Someone should probably run a class at every local senior citizen center on how to use social media, but if they did, it would rob us of all those sweet little moments when granny just doesn't get things like spambots or how Farmville requests work.
Your friends would never use so many exclamation points or comment so many compliments on other people's selfies... but on alcohol, they would! Sometimes, you can tell that they've just gone kind of stupid because they're staying up way too late, but that time that they went through every profile picture you've ever posted and commented with emojis? You know that wasn't the action of a sober person.
Worse than this is when your friends can tell that you're the one posting after one too many glasses of wine. All those tweets about how all dogs should wear shoes? You don't know what the hell you were on about, but those are definitely being deleted in the morning... unless your friends have all retweeted them first.
With online dating becoming more and more common, you can only hope that the Tinder pictures you fell in love with match up with the real person once you meet face-to-face. You can cross you fingers, knock on wood, and pray to whatever gods you believe in... but there's still a good chance that you'll end up meeting up with someone whose pics were either taken ten years ago or from an angle so flattering, you kind of want to know their secret.
There's also the fact that you already know basically everything there is to know about them, down to the fact that their aunt Carol just vacationed in Mexico to how they own three cats, Fluffy, Mildred, and Minnie. Good luck not accidentally bringing that up...
Every so often, you'll run into someone so painfully stupid, so blatantly rude, or so downright awful that you're going to want to swear off social media for good. We can all picture ourselves there: reading books outside in the sunshine, writing letters the old-fashioned way, oil painting fields of flowers, and eating delicious meals without a single compulsion to Instagram any of it...
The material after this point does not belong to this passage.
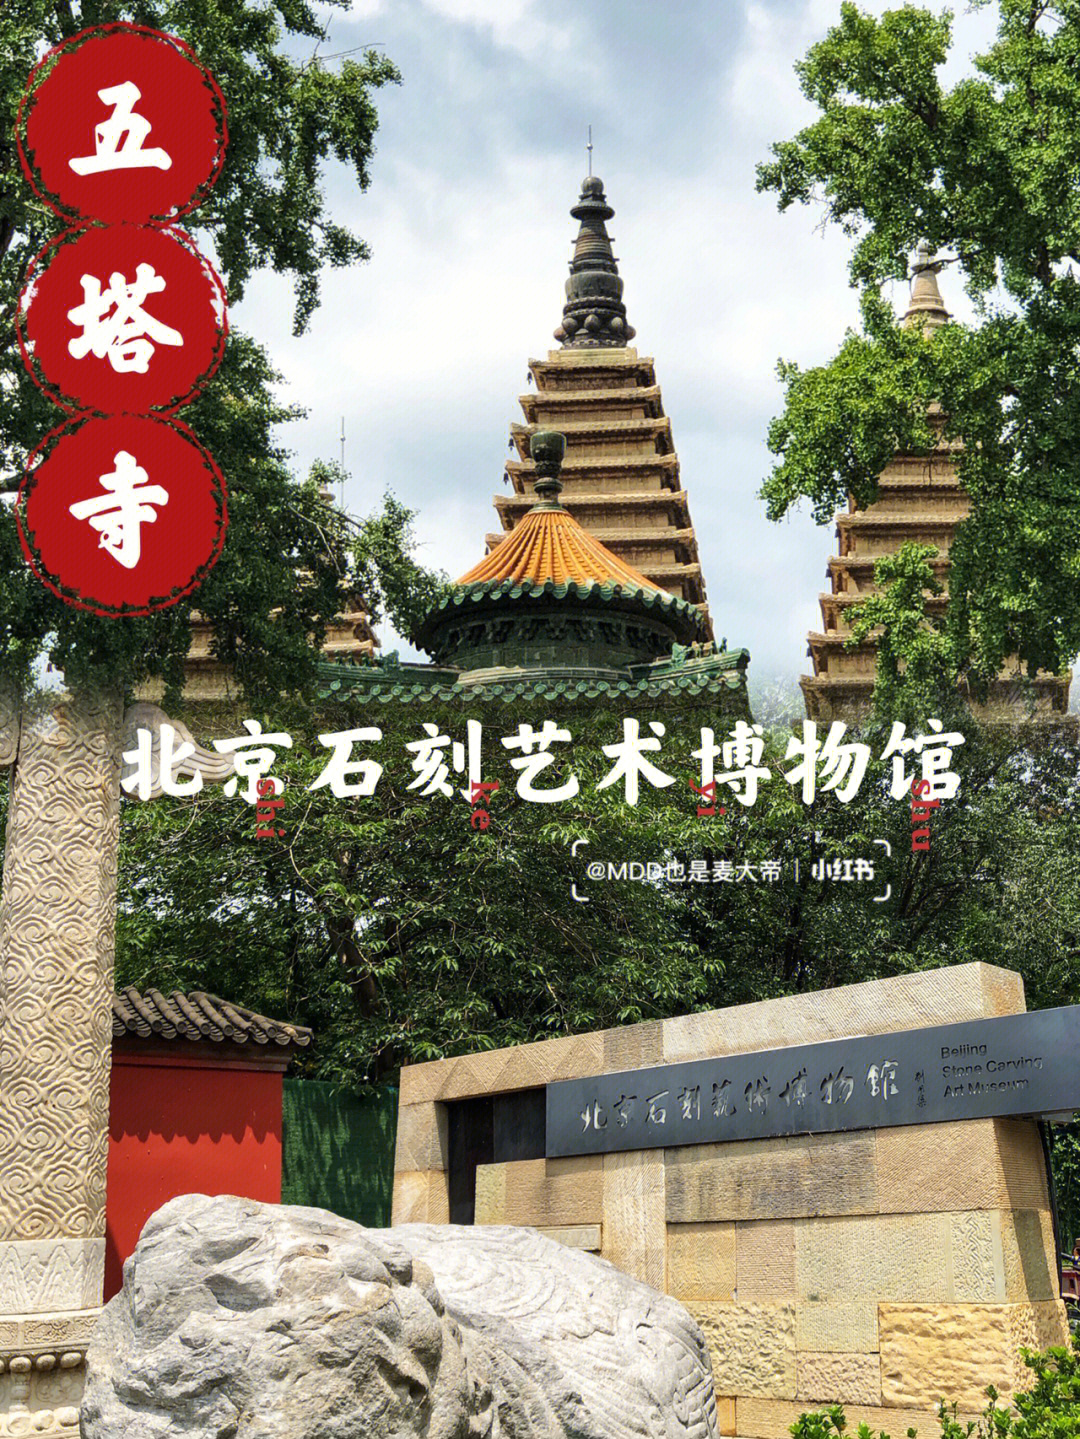 寻访古迹北京石刻艺术博物馆五塔寺
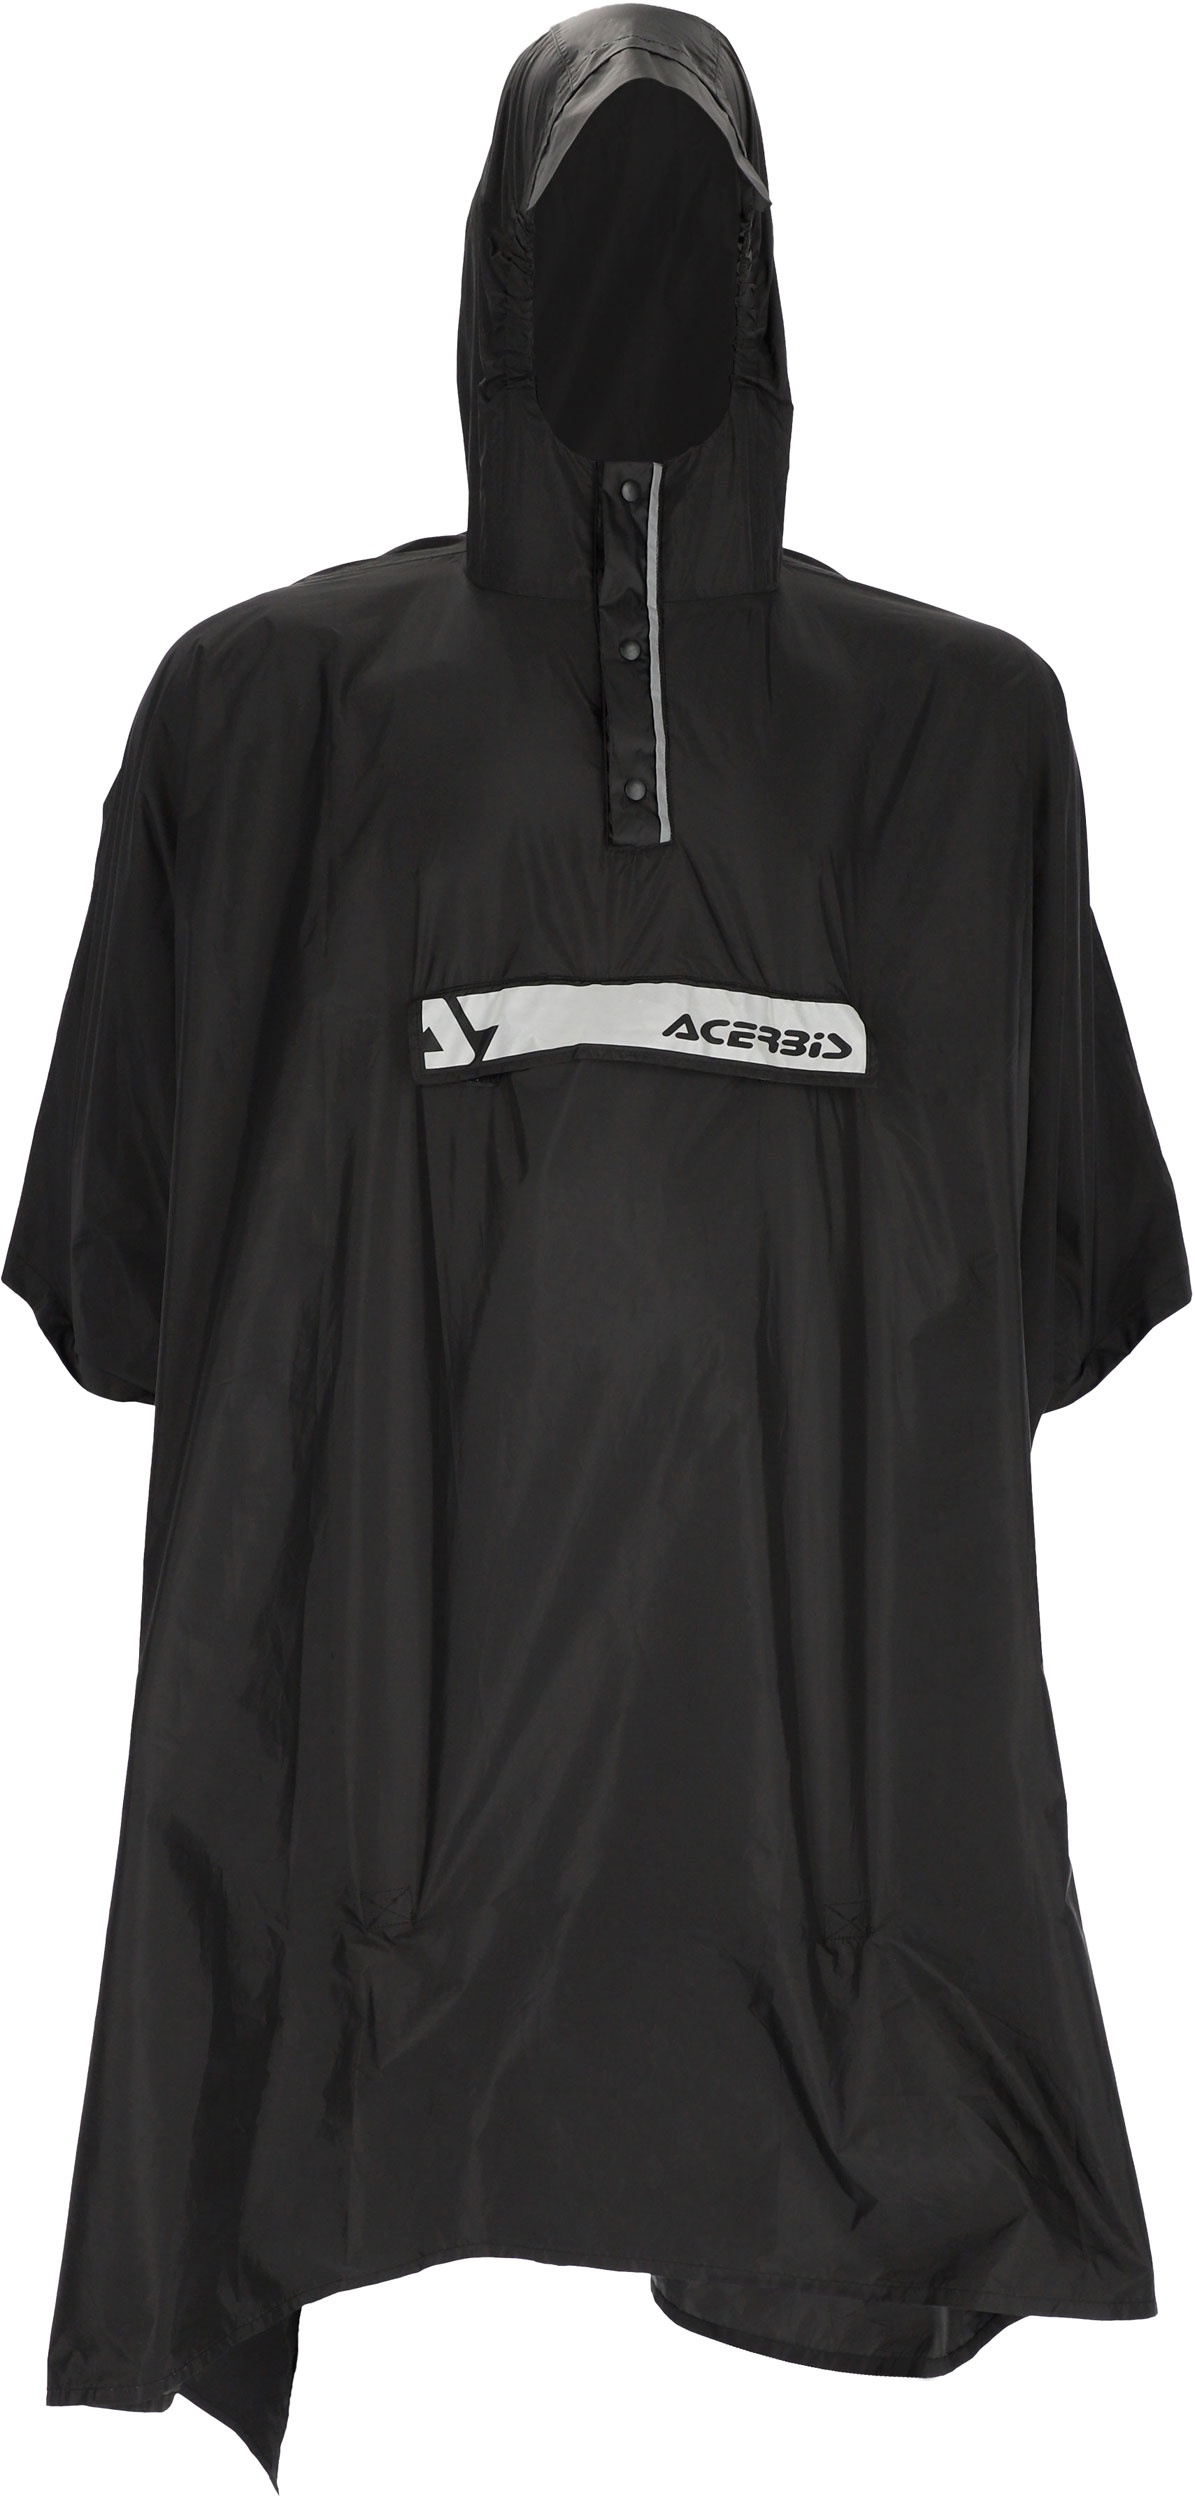 Acerbis Poncho, couverture de pluie - Noir - L/XL

But no matter what our ideal lives without social media might look like, we're all addicts in one way or another—and in one way or another, we'll all come crawling back. Like buttons, retweets, Insta-hearts and Snapchat stories... as much as we hate them, we actually totally love them. Life would be boring without social media! So we'll keep clicking, refreshing, and posting until our batteries die and our fingers fall off... or at least, until the next big thing comes around.